At nightfall in the Bronx, after eating and talking all day (the adults) a bonfire was built and we sat around it toasting marshmallows. The uncles told tall stories, the kids set off firecrackers with lighted "punks" - after we had formed a brigade that solemnly marched to the flagpole and took down the flag. One summer the metal pole was struck by lightening and the flag burned to a crisp - that was the last of that ritual - the flag was never replaced. By dusk the coffee pots were percolating on the kitchen stove, the smell of espresso wafting out the open screened doors, homemade desserts carried outside by a parade of sturdy aunts. The kids waited for the Bungalow Bar man who would come ringing down the block in his truck. That reliable 1950s summer presence - the white  ice cream truck - was supposed to resemble the Hindi thatched house that the word bungalow denoted. I can still swoon over a toasted coconut vanilla ice cream bar. But I do wonder who thought up that bungalow thing.
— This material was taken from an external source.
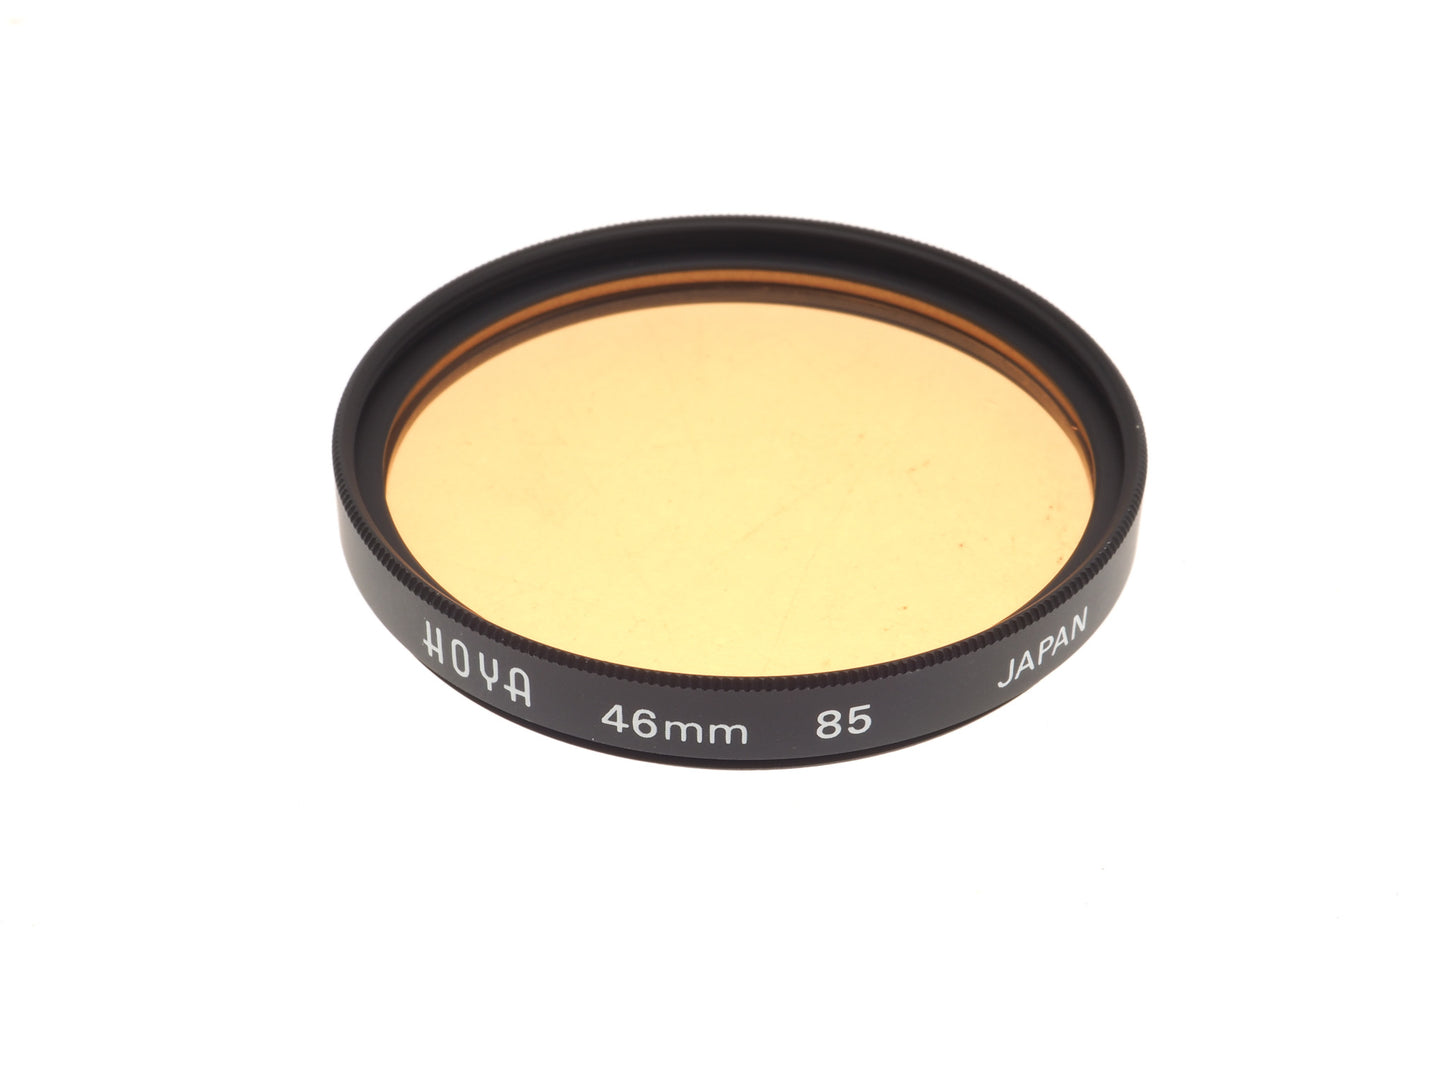 Hoya 46mm 85 Color Conversion Filter - Accessory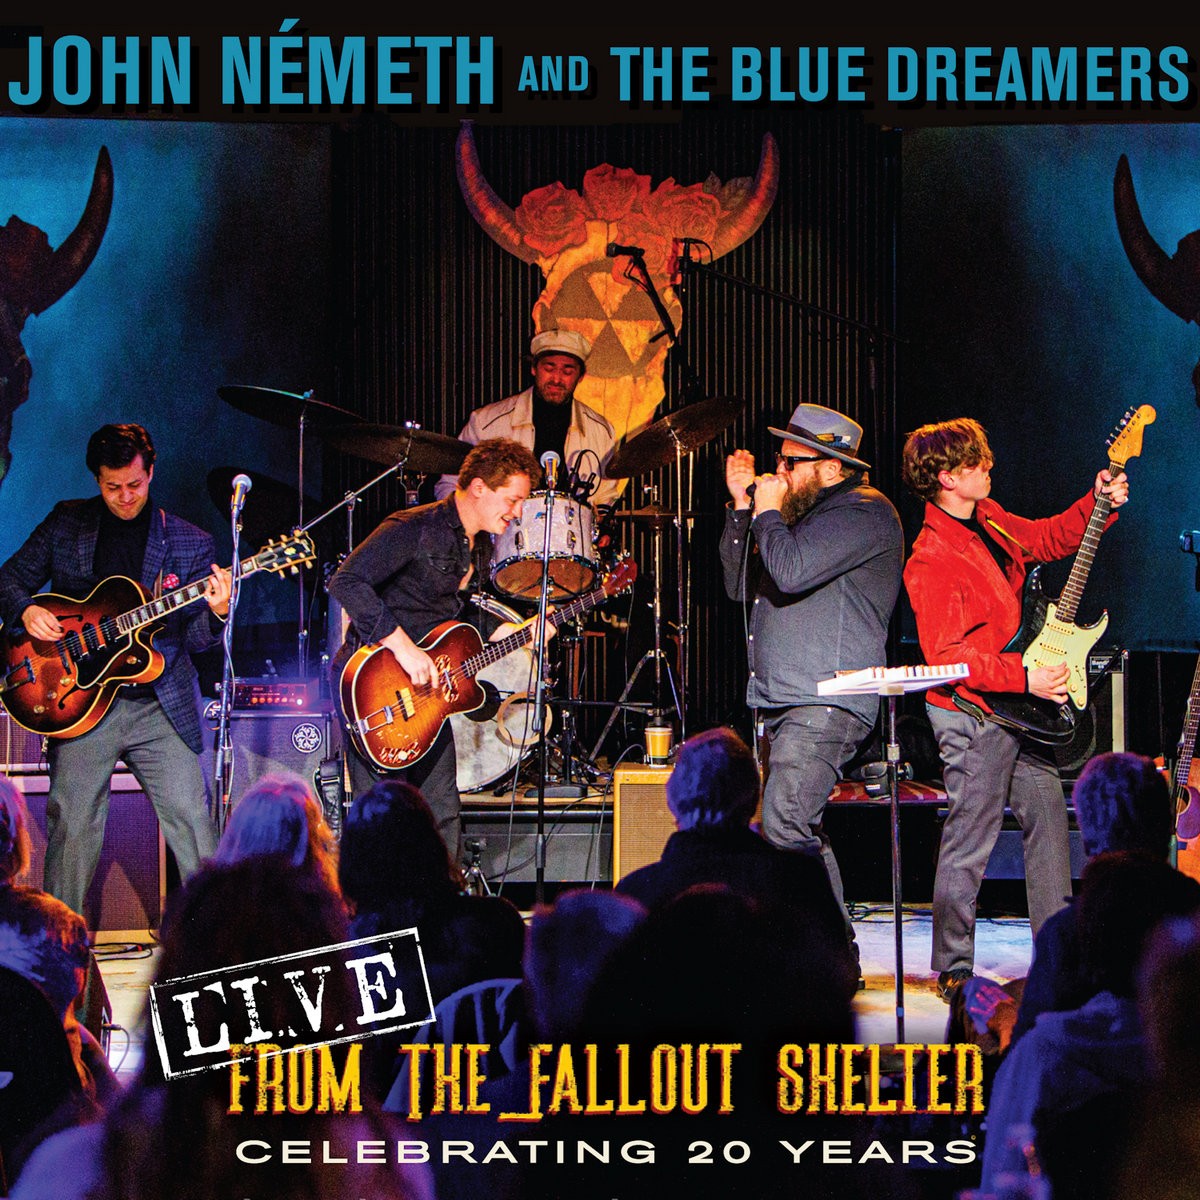 John Németh & The Blue Dreamers - Live from the Fallout Shelter Celebrating 20 Years

     Our preparation for the Fourth this year is, basically, nothing. Maybe we'll go to a friend's house to watch the town fireworks (they have an unobstructed view from their road) or maybe we'll just pour a couple of glasses of wine and watch an old movie.

"There's just no accounting for happiness"
Jane Kenyon wrote.
Like when I tried out my new digital camera
One fourth of July and set it to "fireworks"
Colorful stars and swirls and cascades
But then I said so what?
And deleted all fifty pictures.
They were not the happiness I desired.